Por Hermann Bellinghausen
— La decisión adoptada por las dos principales escuelas públicas nacionales de medicina de retirar de los hospitales a sus pasantes a causa de la pandemia del Covid-19 resulta errónea y sienta un mal precedente pedagógico, si no es que ético, para los estudiantes que, llegados al internado en el quinto año de la carrera, si bien carecen de las plenas habilidades clínicas, llevan más de dos años y medio estudiando, y con suerte practicando, en los distintos servicios hospitalarios. Poseen ya los conocimientos fundamentales de la disciplina y tienen ese año de pasantía para iniciarse en las responsabilidades clínicas, al igual que su sexto año, de servicio social, donde no sólo deberán ser médicos por entero, sino que estarán solos o al frente de un reducido equipo sanitario. Son además mayores de edad y han cursado una carrera que, como pocas, exige de ellos una firme capacidad para tomar decisiones, en ocasiones de vida o muerte.

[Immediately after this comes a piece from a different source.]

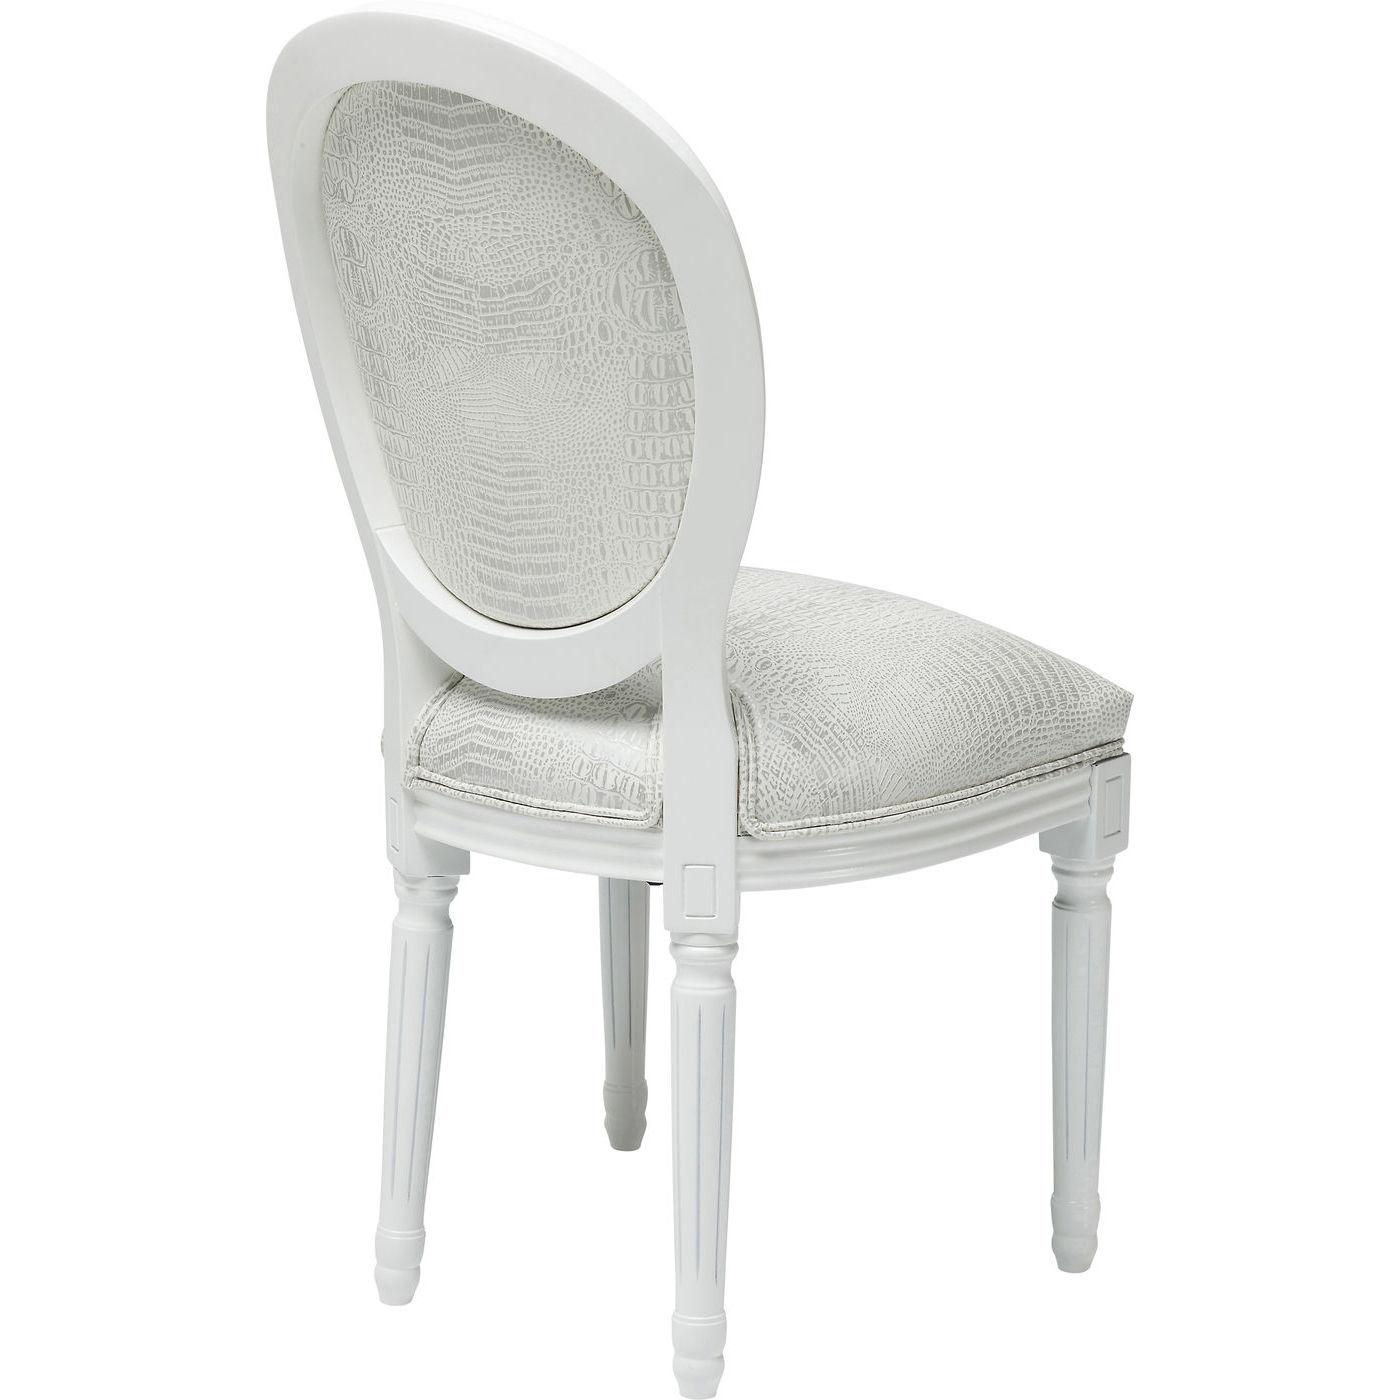 kare design stuhl louis stuhl polsterstuhl barockstuhl louis seize kroko wei neu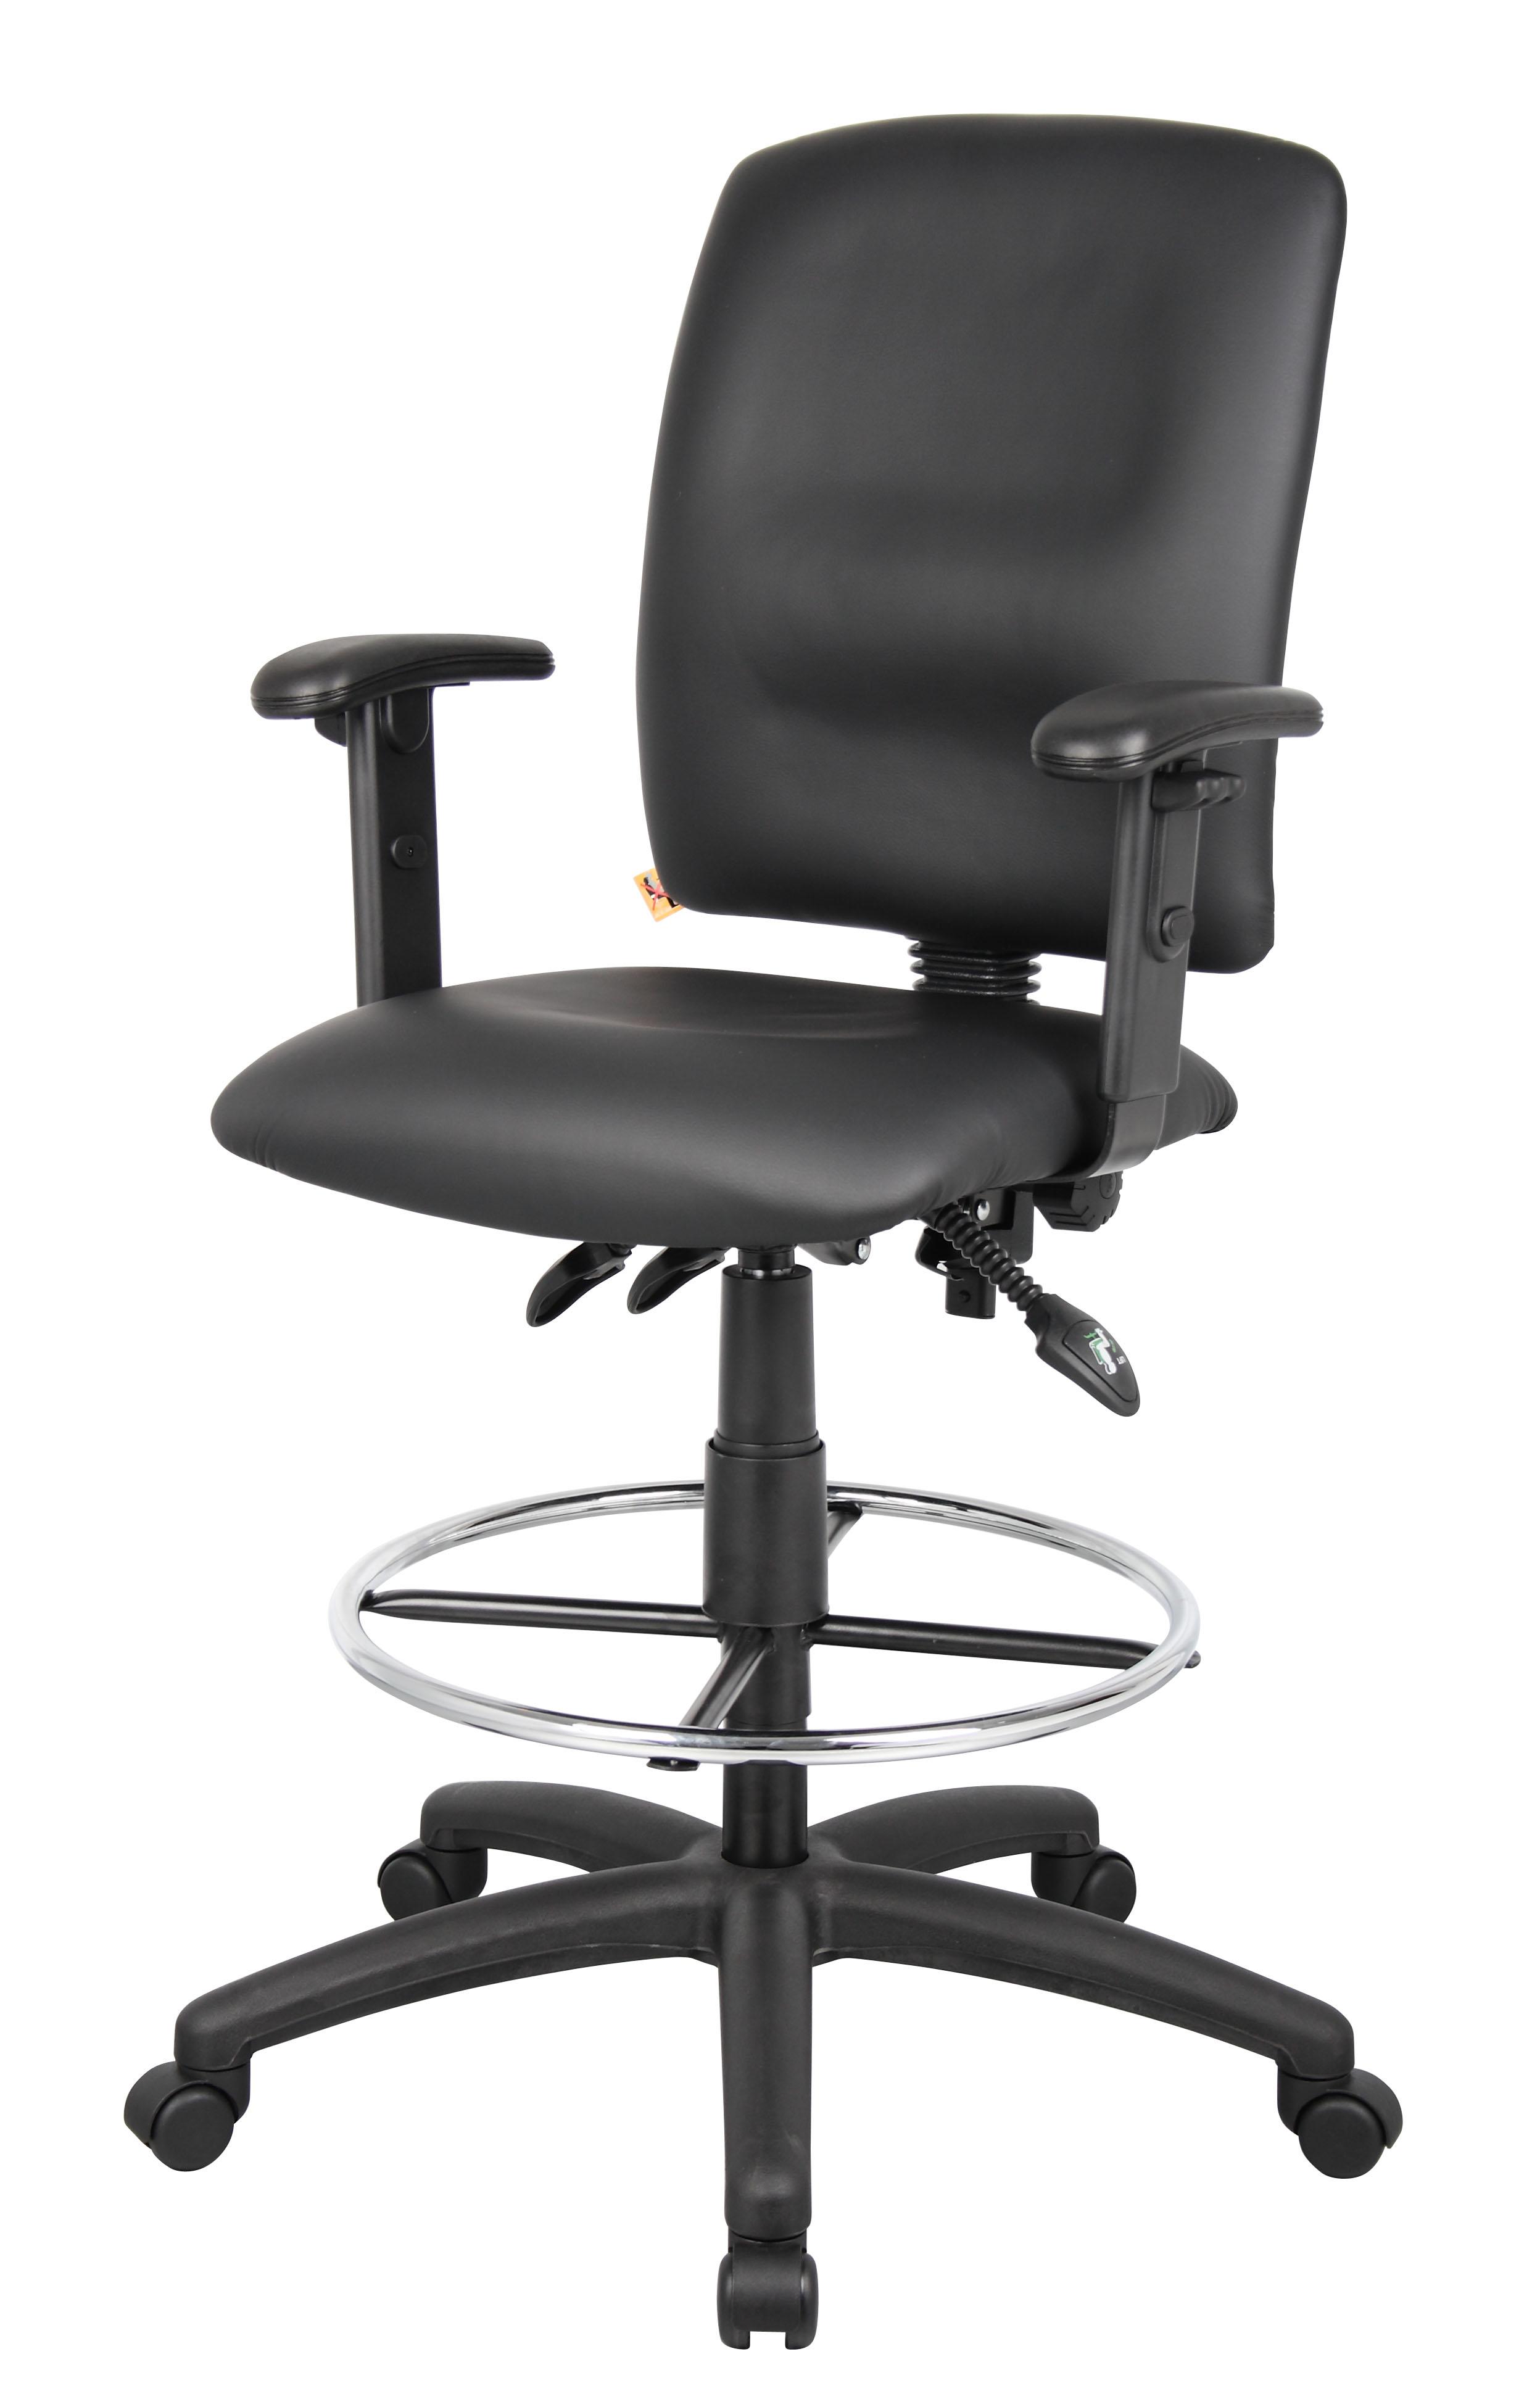 Astounding Boss Multi Function Leatherplus Drafting Stool W Adjustable Arms Creativecarmelina Interior Chair Design Creativecarmelinacom

Muchos estudiantes no desean dedicarse a la clínica; ésta podría ser una salvedad, aunque no necesariamente. Pueden invocarse otras excepciones, entre las cuales no cuentan, o cuentan poco, las razones esgrimidas por la UNAM, el IPN y las instituciones de salud: proteger a los internos de excesivos riesgos ante la pandemia. Y menos, por la carencia de equipo y medidas de protección adecuadas. ¿No deberían sus casas de estudio contribuir a la crisis nacional proveyendo a sus internos, en vez de mandarlos a la pantalla de su computadora? Las carencias, por lo demás, son mayores a lo admitido por el discurso gubernamental. Este es otro asunto, relacionado con el desmantelamiento neoliberal del sistema de salud, y el lento reabastecimiento del actual gobierno para hospitales y clínicas, propalando cuentas alegres con fines de propaganda en vez de admitir sus limitaciones.
Todo esto en conjunto es la realidad. Sí, muchos hospitales carecen de insumos. Sí, la pandemia es grave. Sí, los internos están verdes
todavía. También es cierto que durante las guardias vespertinas y nocturnas los jóvenes practicantes constituyen hasta la tercera parte del personal en los nosocomios públicos, con menos destrezas, pero mejores conocimientos teóricos que las enfermeras y los enfermeros con quienes comparten funciones indispensables en apoyo a los especialistas.
Como reitera Joao Guimaraes Rosa en su formidable El Gran Sertón: Veredas, vivir es muy peligroso
. Más en estos días. La pandemia demanda prudencia, no miedo. Bien entrenados y mínimamente provistos de lo necesario (incluyendo los procedimientos diagnósticos disponibles para el resto del personal), no representan un riesgo para sus familiares (idealmente en cuarentena), y menos para la población general. Dicho esto contra las estúpidas agresiones contra médicos y enfermeras a causa del pánico, la ignorancia y fobias que no deben tolerarse.
No es por idealizar (aunque el idealismo es un tesoro de los futuros médicos, que con harta frecuencia se pierde pronto en aras de intereses económicos, políticos, de ascenso social o mera rutina; ésta es otra tajada de realidad, especialmente lamentable), pero lo menos que deberían los miles de internos en licencia es ver Barbarroja (1965), de Akira Kurosawa, una de las películas más hermosas y aleccionadoras jamás filmadas. Trata de un pasante enviado a una comunidad remota y pobre para trabajar con un médico de pueblo tan rotundo como puede serlo el mejor Toshiro Mifune, que deja chiquito al doctor House y todas las heroicas series televisivas. Trata precisamente del choque del idealismo y la arrogancia juveniles con la verdad desnuda del sufrimiento humano y los costos emocionales y físicos para quienes lo atienden. De la muerte también se aprende.
Lo dicho hasta aquí no implica obligatoriedad. La pandemia es seria. Pero sí una inversión de términos: el que quiera puede irse; en vez de: váyanse todos y ahí vamos viendo. La diferencia es profunda. Se permite al médico en ciernes ejercitarse en una virtud esencial de su profesión: tomar decisiones graves. Además se fortalecería la insuficiente fuerza laboral en los centros hospitalarios, al menos en primer y segundo nivel, y para los enfermos y sus familiares agrega apoyo, empatía y seguridad. En fin, generosidad y humanismo, que deberían ser los primeros atributos del médico clínico, no para ser héroes, sino porque para eso se están formando.